Aliciella pentstemonoides
- Conservation status: Imperiled (NatureServe)

Scientific classification
- Kingdom: Plantae
- Clade: Embryophytes
- Clade: Tracheophytes
- Clade: Angiosperms
- Clade: Eudicots
- Clade: Asterids
- Order: Ericales
- Family: Polemoniaceae
- Genus: Aliciella
- Species: A. pentstemonoides
- Binomial name: Aliciella pentstemonoides (M.E.Jones) J.M.Porter
- Synonyms: Gilia pentstemonoides ;

= Aliciella pentstemonoides =

- Genus: Aliciella
- Species: pentstemonoides
- Authority: (M.E.Jones) J.M.Porter

Plant species in the phlox family

Aliciella pentstemonoides, the Black Canyon gilia, is a rare species in the phlox family that only grows in the Gunnison River basin in western Colorado. It is a perennial plant with a very restricted habitat, only growing on rock outcrops and cliffs.

==Description==
Black Canon gilia is a perennial species that flowers once before dying that can be short or long-lived. Its upright stems are covered in glandular hairs and only branch diffusely or somewhat like a thyrse when blooming; they reach heights of 5.5 to 18 cm. The roots of the plant have many branches.

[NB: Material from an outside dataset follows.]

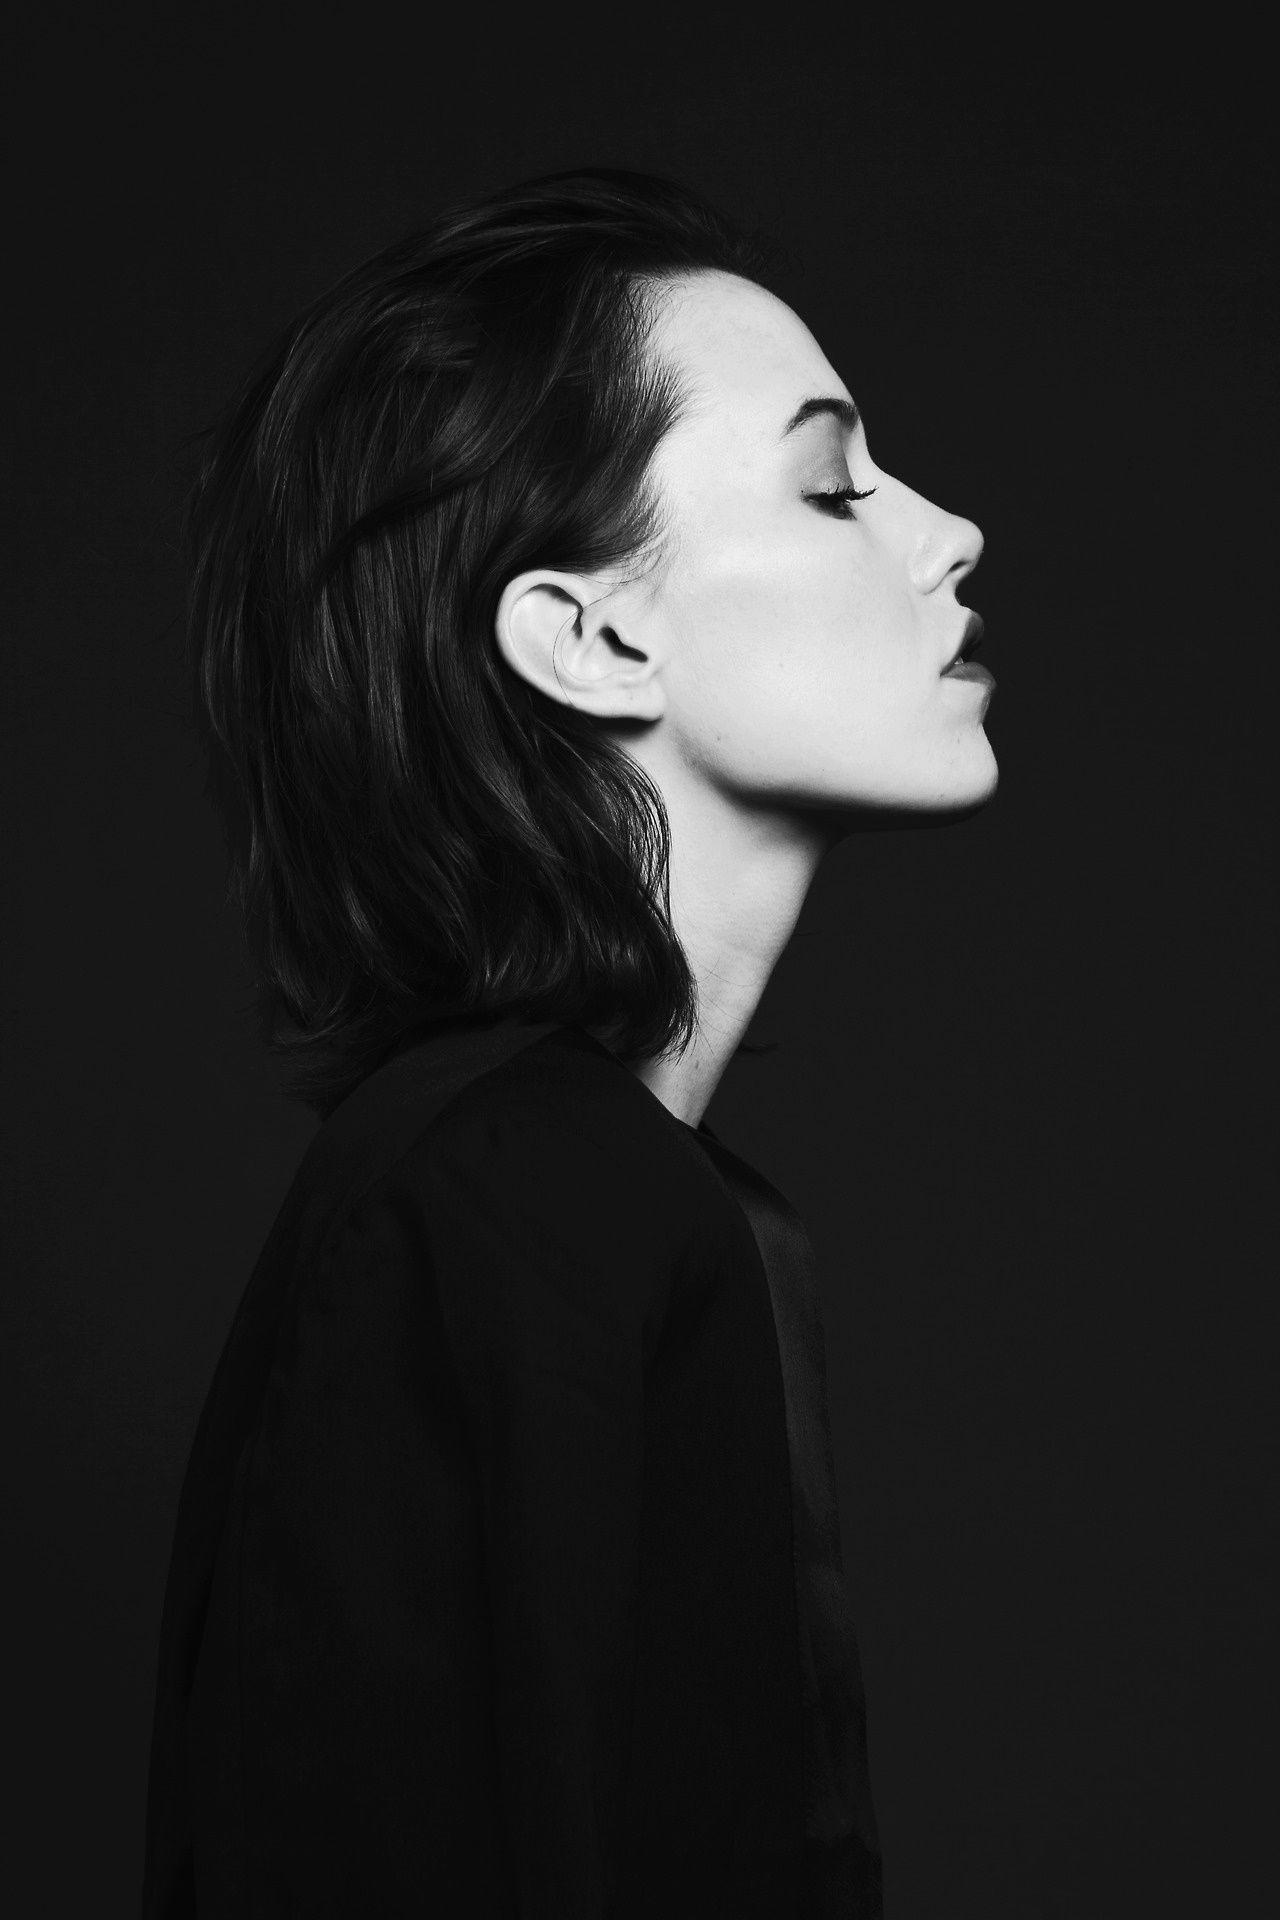 Back Side Girls Profile Pic

The basal leaves take the form of a loose rosette, and can range from whole to being pinnatifid, once divided into a feathery or ferny shape; they measure 0.8-5.5 cm long with the central vein 1–8 mm wide. The leaves attached to the stems reduce in size upwards until they resemble bracts.

The bloom period is extended by a succession of short lived flowers, with a typical blooming season of June to August, but with occasional flowering as early as May or as late as September. The flowers are trumpet to nearly bell-shaped ranging from purple to lavender or occasionally almost white, often having a white to yellow center. They can be from 5 to 11 millimeters in length from base to the tips of the lobes, with five lobes that are shorter than the tube of the flower.

==Taxonomy==
In 1893 the botanist Marcus E. Jones scientifically described a new species from Colorado that he named Gilia pentstemonoides, placing it in the genus Gilia. Jones collected the type specimen in the Black Canyon of the Gunnison in 1890. This classification continued until 1998 when James Mark Porter moved it to the genus Aliciella. Together with its genus Aliciella pentstemonoides is part of the Polemoniaceae family and has no subspecies.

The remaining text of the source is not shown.